[PROVIDED INFORMATION]

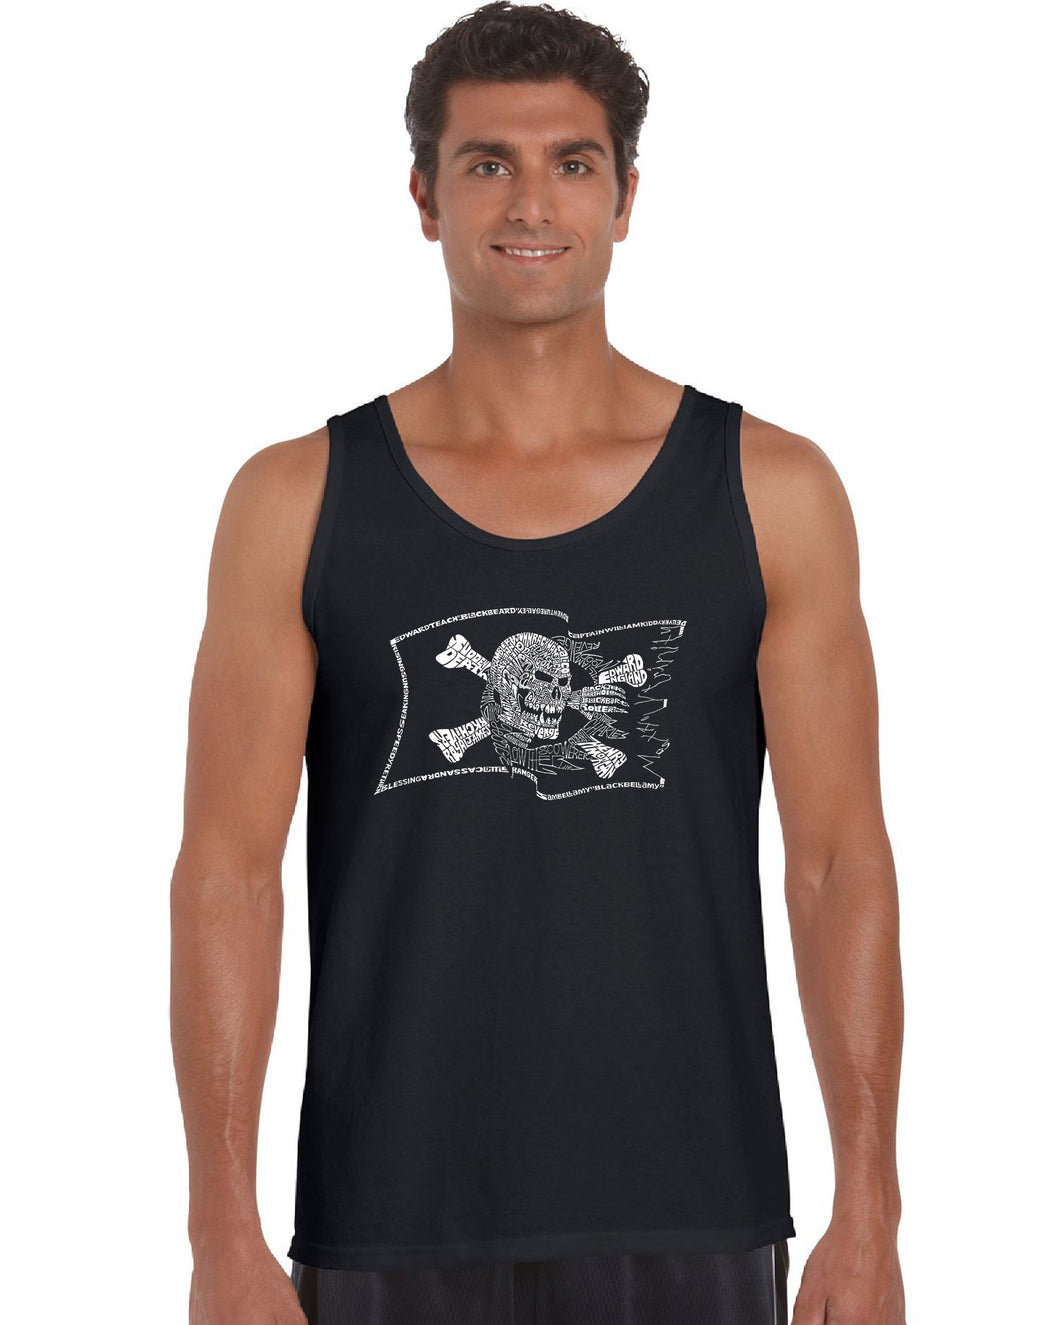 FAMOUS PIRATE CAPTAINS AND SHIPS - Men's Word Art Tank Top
...
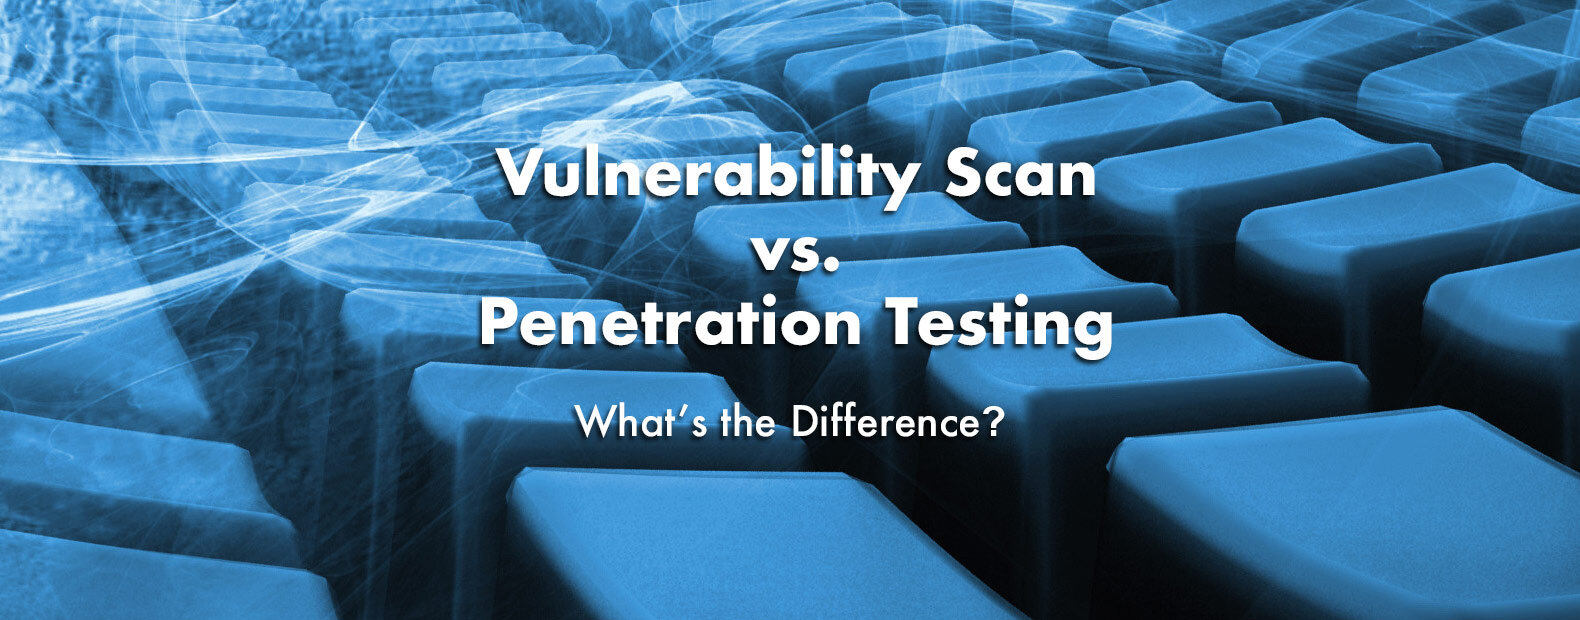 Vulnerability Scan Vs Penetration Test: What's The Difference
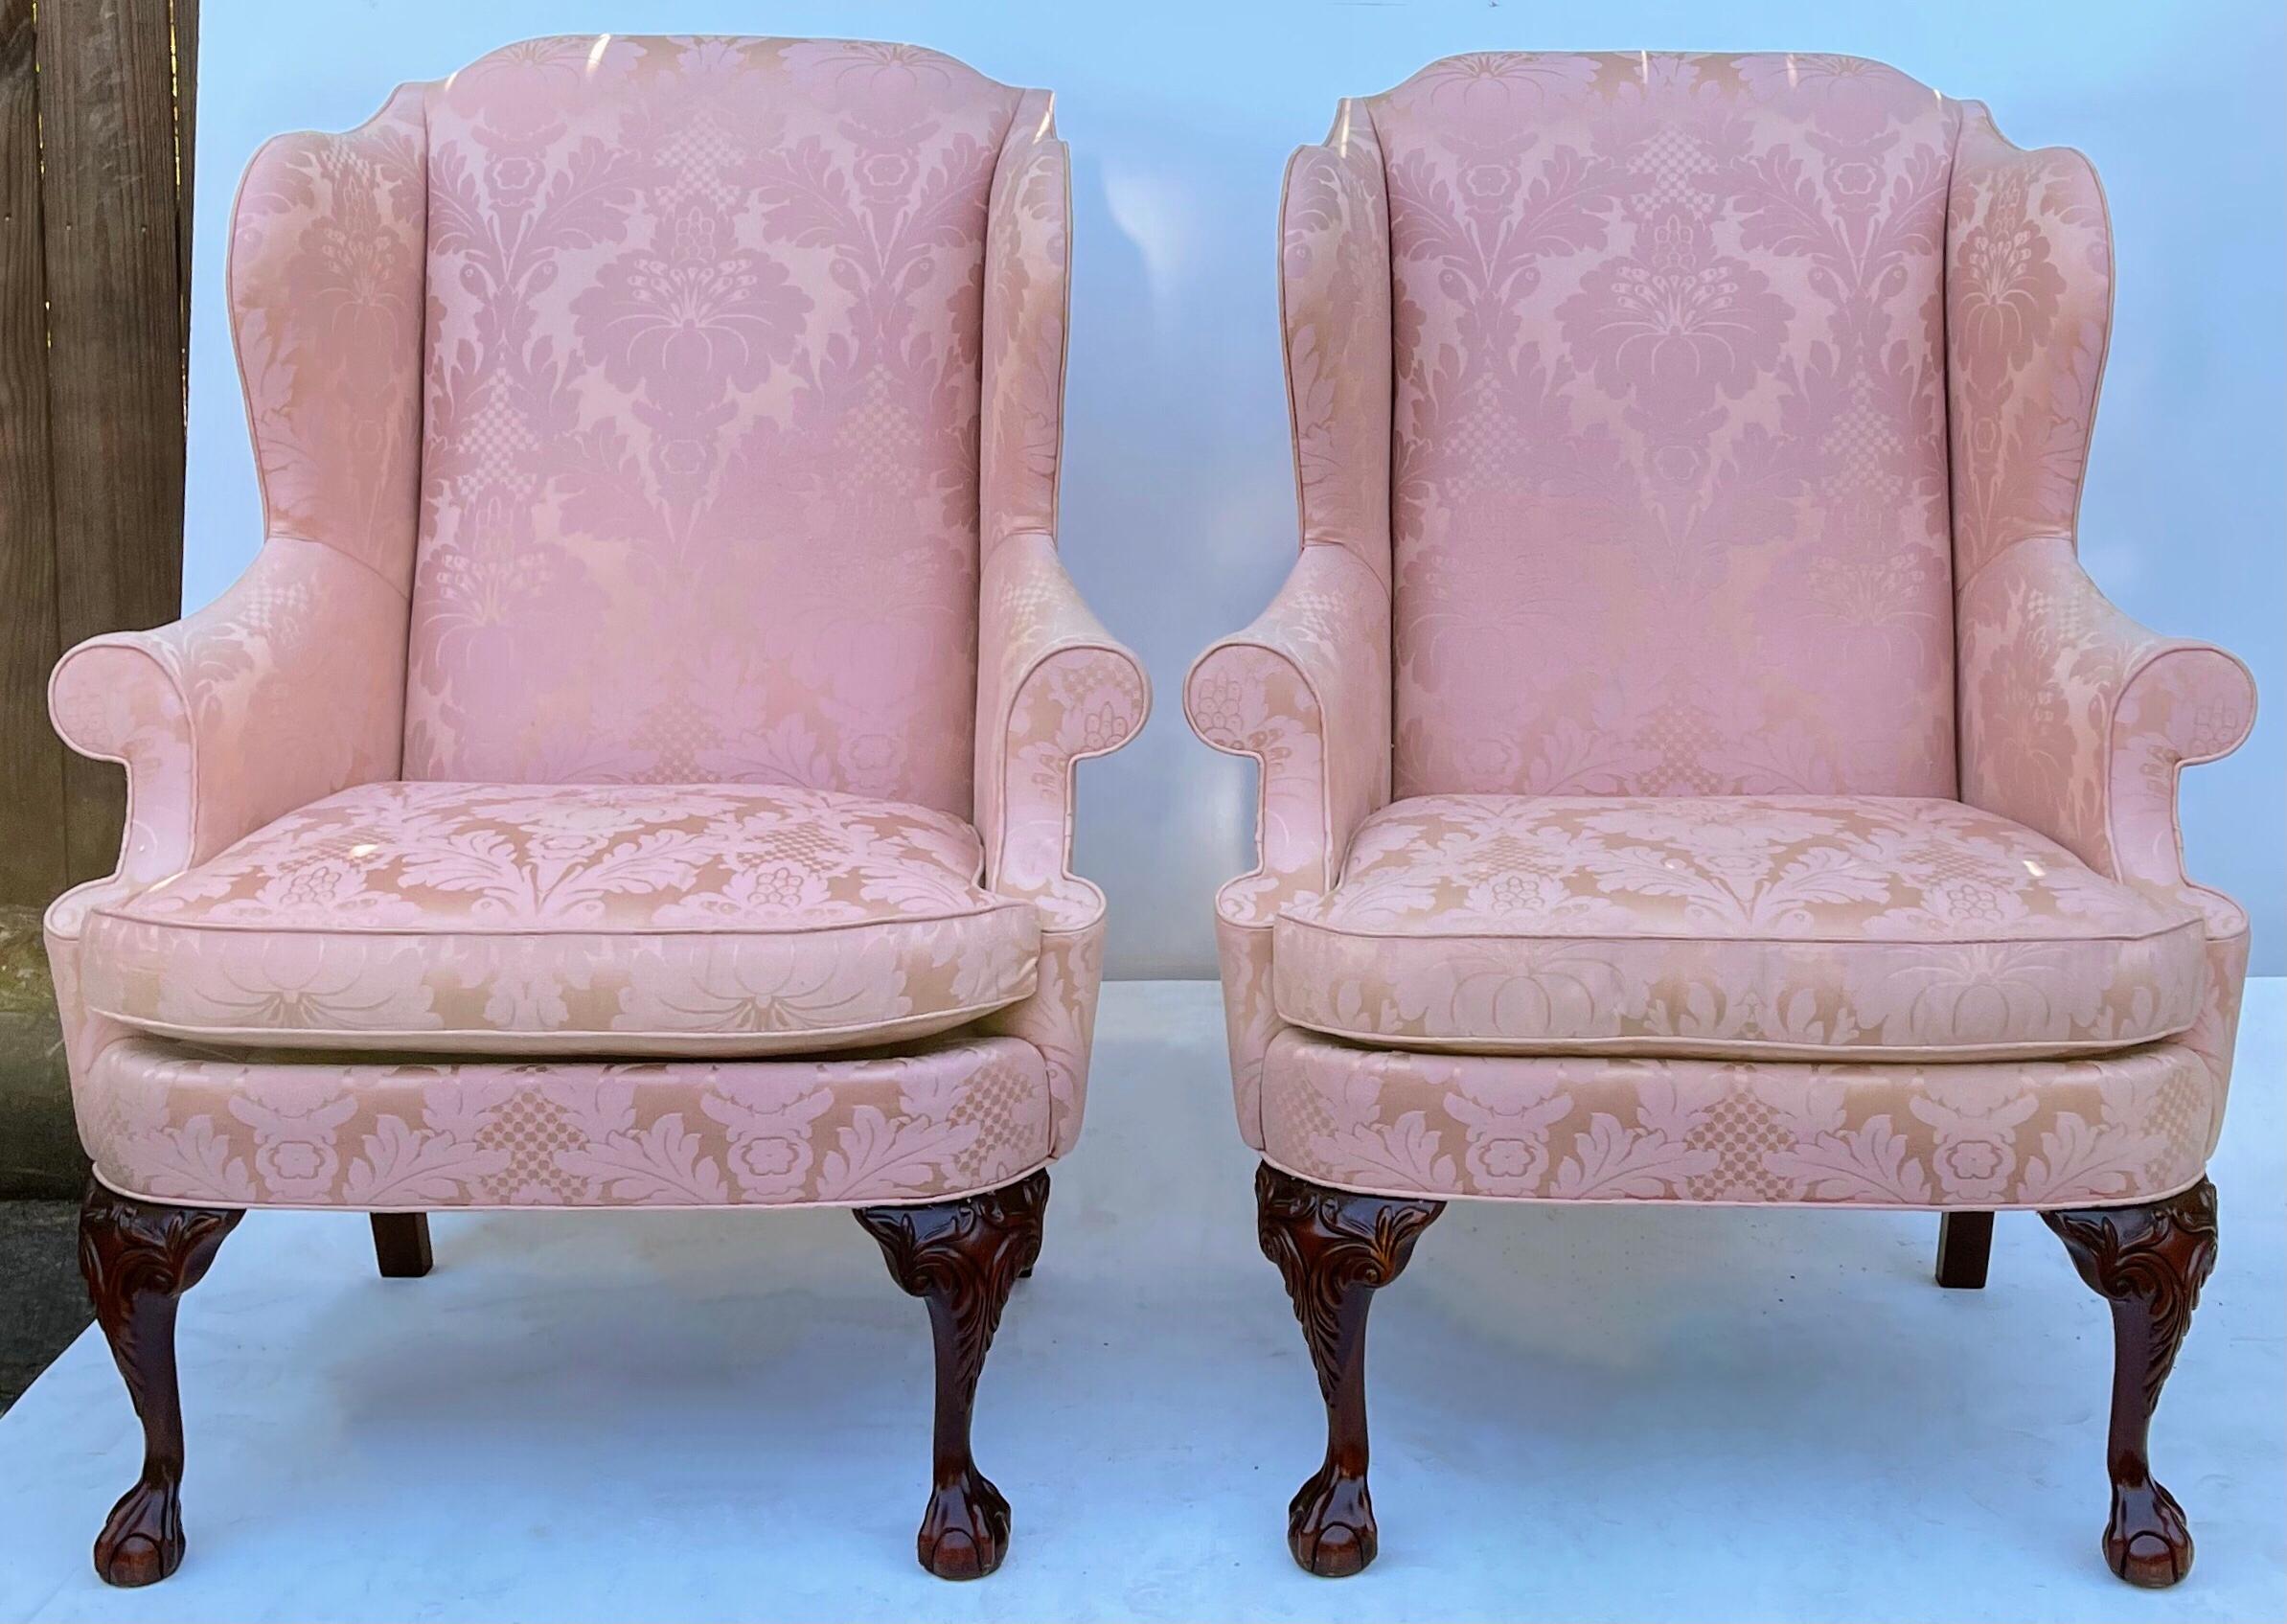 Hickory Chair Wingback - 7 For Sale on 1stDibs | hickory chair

[TASK STATEMENT]
In the data above, the stretch from the line with "Vulnerability Scan Vs" through the line with "Hickory Chair Wingback" is to be returned exactly, minus any pictures.

[EXERCISE RESPONSE]
 Vulnerability Scan Vs Penetration Test: What's The Difference
 Hickory Chair Wingback - 7 For Sale on 1stDibs | hickory chair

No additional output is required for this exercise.